The proposed removal of London weighting, as part of the same set of proposals, will exacerbate this problem for higher education institutions (HEIs) in London. Instead of pursuing a levelling-up agenda, the removal of London weighting is levelling down.
The impact on arts provision in non-specialist institutions, especially post-1992 universities, which have been at the forefront of efforts to widen participation in the creative and performing arts, is of particular concern. Redirecting funding towards a small number of specialist institutions is likely to lead to geographical ‘cold spots’ where access to provision for those who are unable to move away from home in order to study – for example, those with caring responsibilities – is severely limited.
Some of the universities most vulnerable to the cut enrol considerable numbers of local students from low socio-economic backgrounds, many requiring additional support to complete their education. Black and minority ethnic students are over-represented in this group, so will be disproportionately affected. According to Office for Students diversity data, creative subjects have “the highest proportion of any broad subject group to have a reported disability”. This means that disabled students will also be disproportionately impacted.

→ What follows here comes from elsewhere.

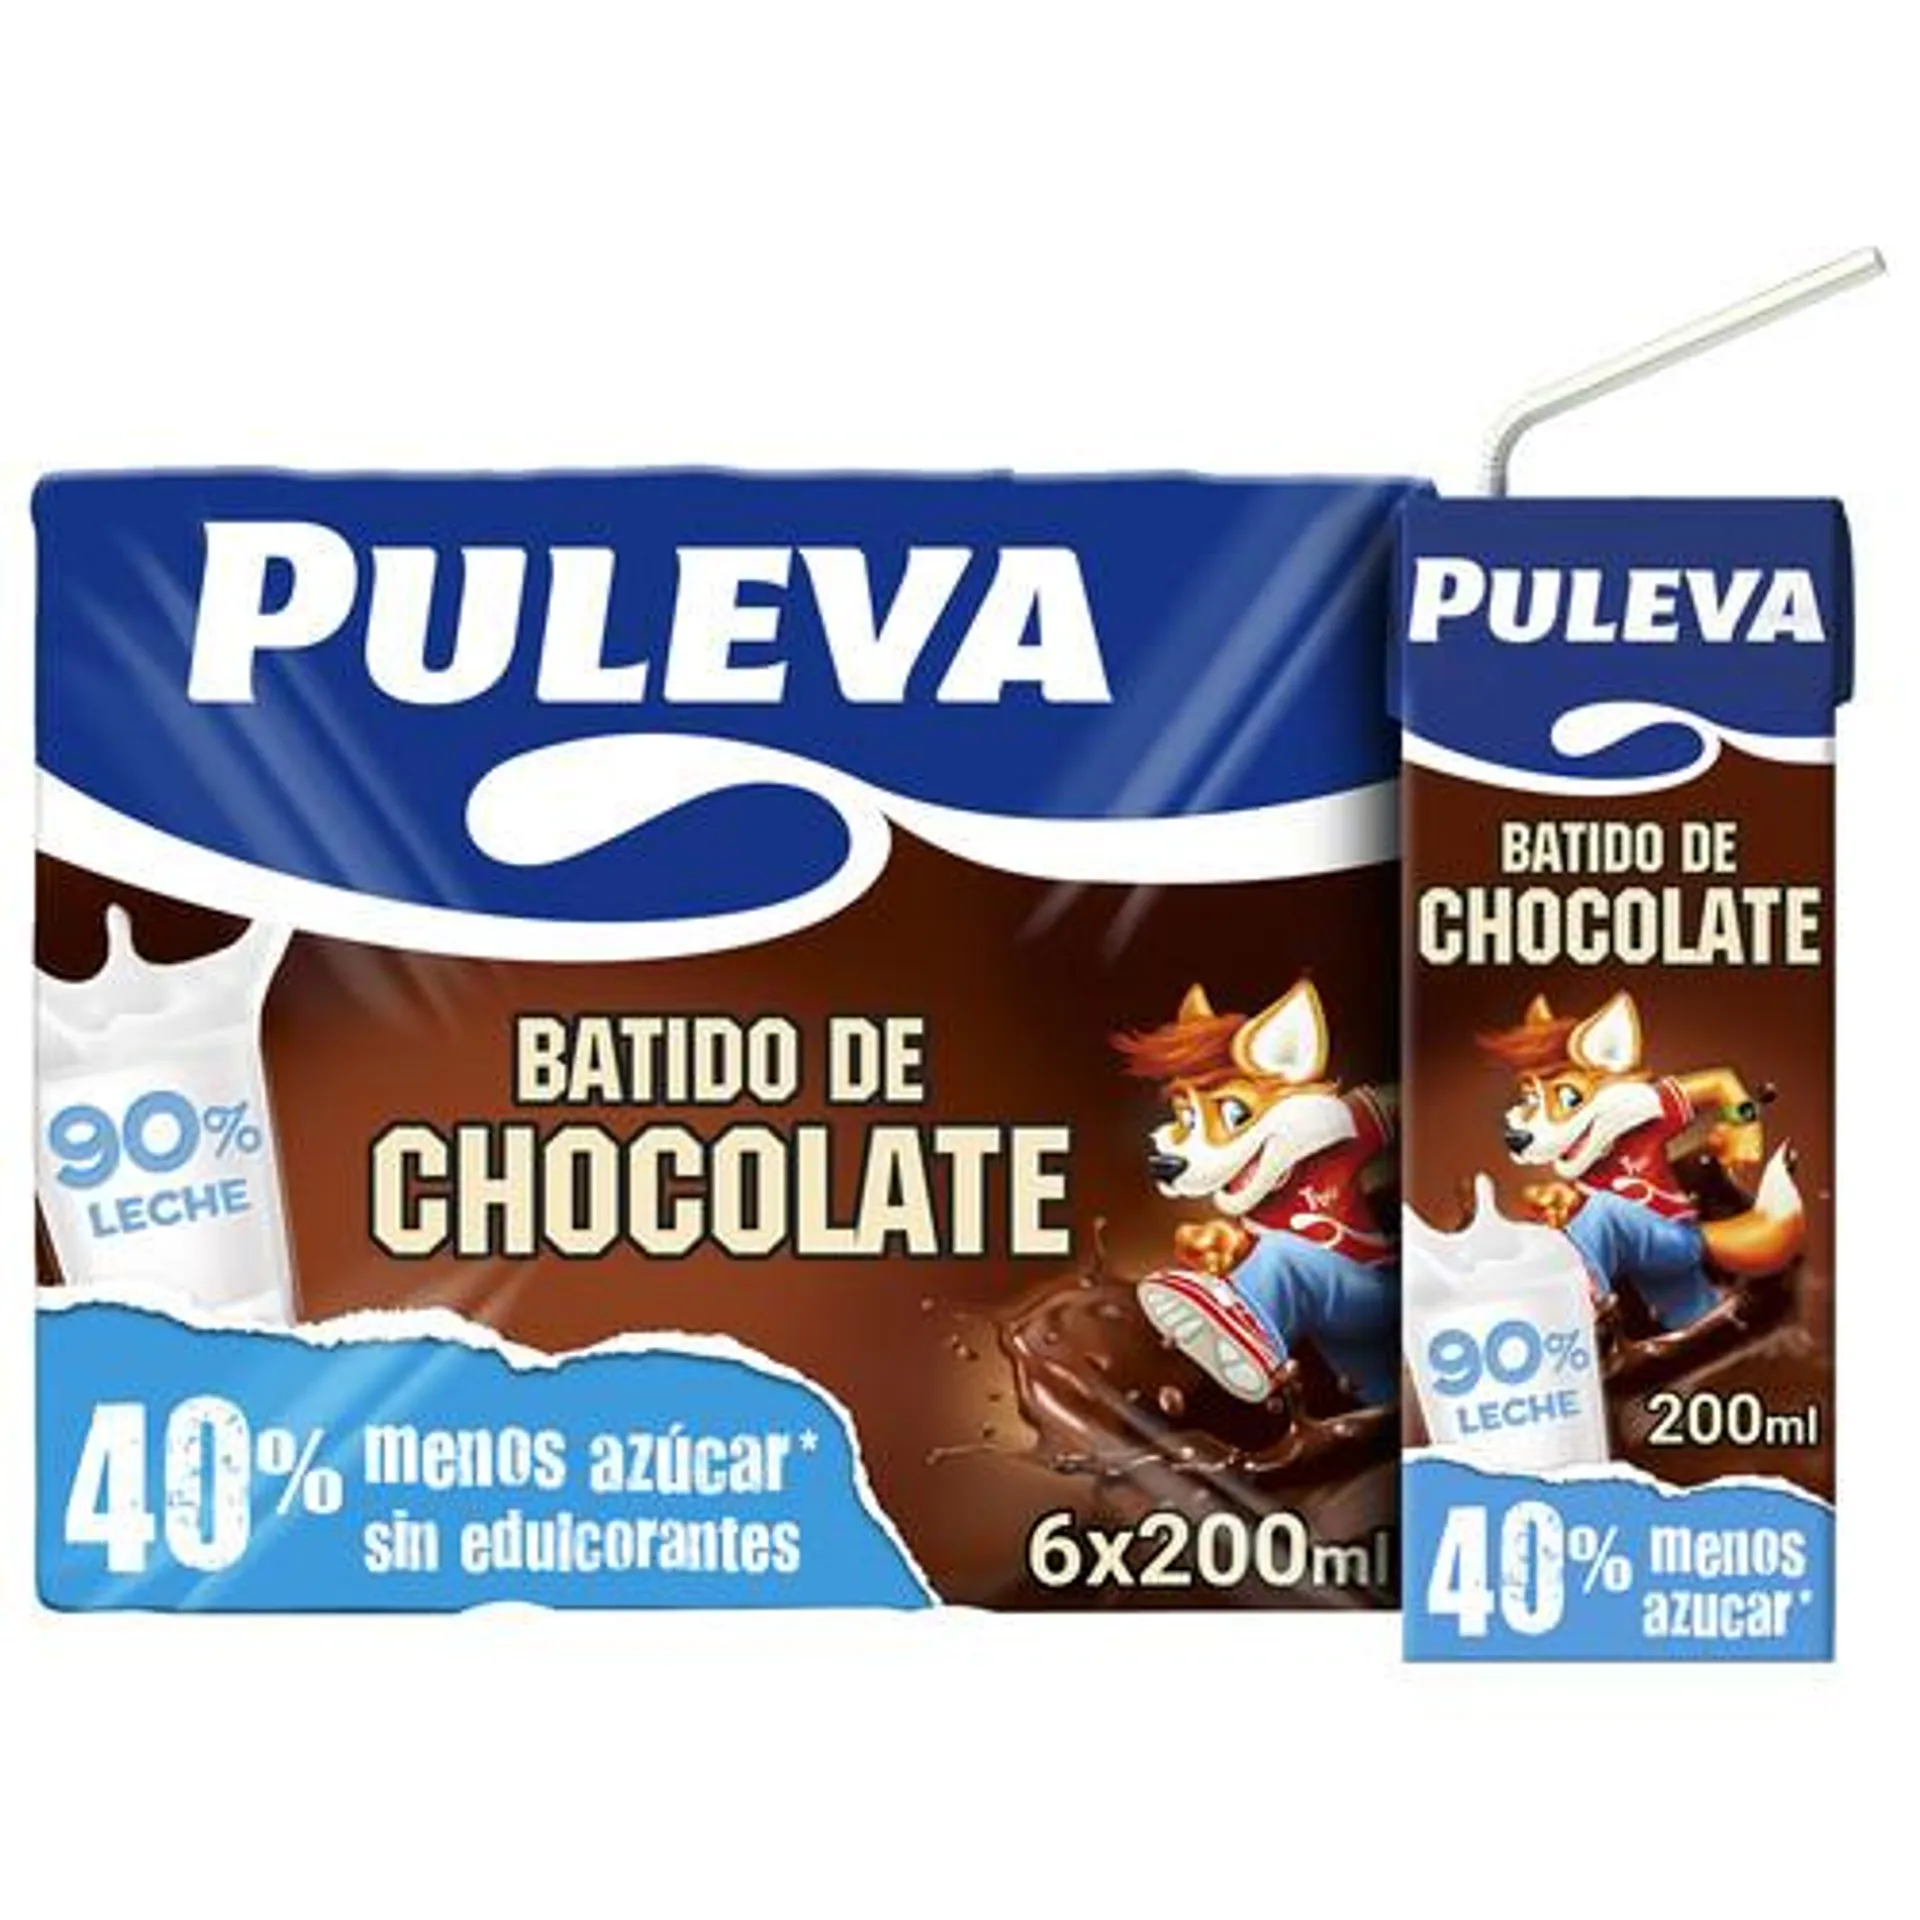 PULEVA Batido con sabor a chocolate, elaborado con un 90% de leche PULEVA 6 x 200 ml.

The creative industries of the United Kingdom generate £111bn for the UK economy each year, with the creative sector in 2020 growing five times faster than the UK economy as a whole prior to the coronavirus crisis. The creative arts are the fifth most studied subject across the UK, with creative training not only securing future generations of creative economy workers but providing transferable training and skills to workers of other industries.
Creative and cultural investment has been identified as one of the three themes of the first round of the government’s ‘Levelling Up Fund’, but without compatible investment in accessible arts education and training, how will the government create local jobs to fill these new hubs? How can the UK creative industry continue growing if HE entry points are made inaccessible to future workers?
With a confirmed T-grant budget decision scheduled for June 2021, should these cuts go ahead universities face replacing them in the space of one summer, before the 2021-2022 academic year begins in September. We fear that these changes – alongside the OfS’s problematic proposed metric on student progression to managerial and professional employment – are likely to cause higher education institutions to review their creative and performing arts provision. The result will be to limit the availability of affordable HE courses and see potential future students financially edged out of creative training.
We call on the Westminster government to reconsider the impact of the 2021-2022 T-Grant budget and the consequences that further proposed reductions of future years will cause for the creative and education sectors. We urge the government to ensure that the proposed plans for Higher Education “reform” does not make creative training less accessible in practice.